_About this task_
The answer is all of the data repeated exactly, with each picture omitted.

_Recorded information_
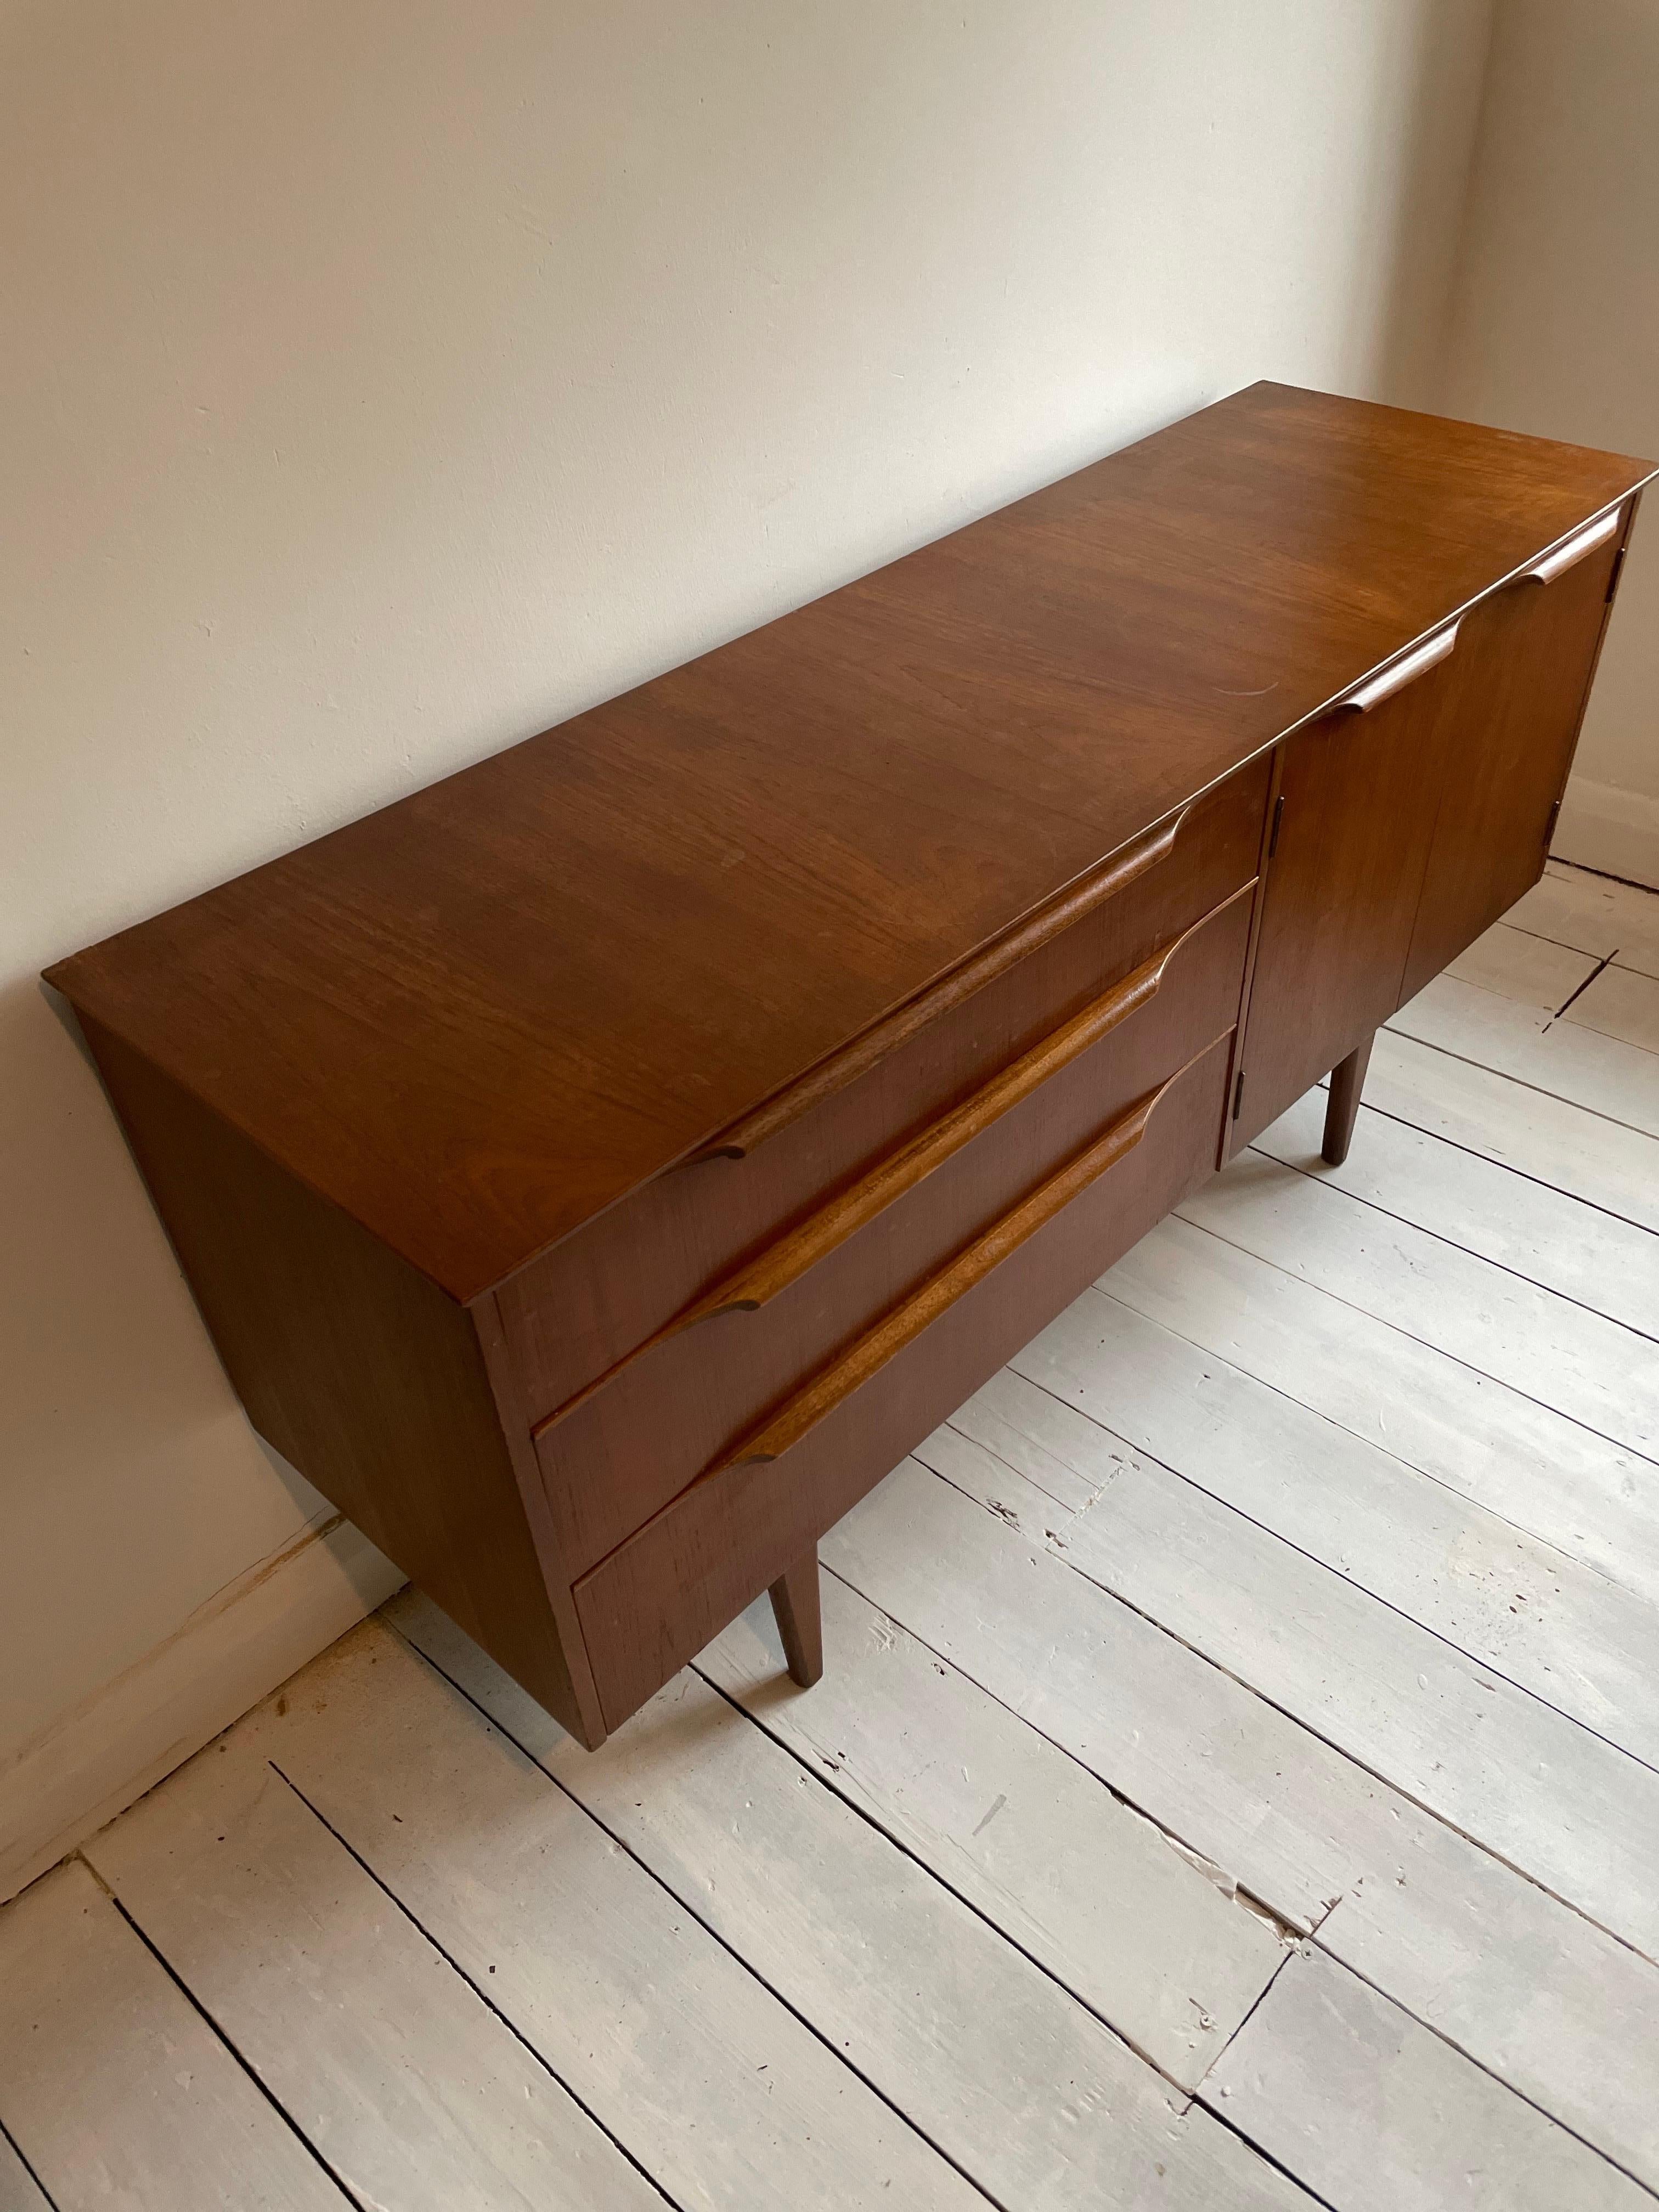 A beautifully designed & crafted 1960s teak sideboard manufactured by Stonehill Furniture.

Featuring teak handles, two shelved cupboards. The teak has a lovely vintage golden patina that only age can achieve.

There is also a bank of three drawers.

_Answer to this exercise_
 A beautifully designed & crafted 1960s teak sideboard manufactured by Stonehill Furniture.

Featuring teak handles, two shelved cupboards. The teak has a lovely vintage golden patina that only age can achieve.

There is also a bank of three drawers.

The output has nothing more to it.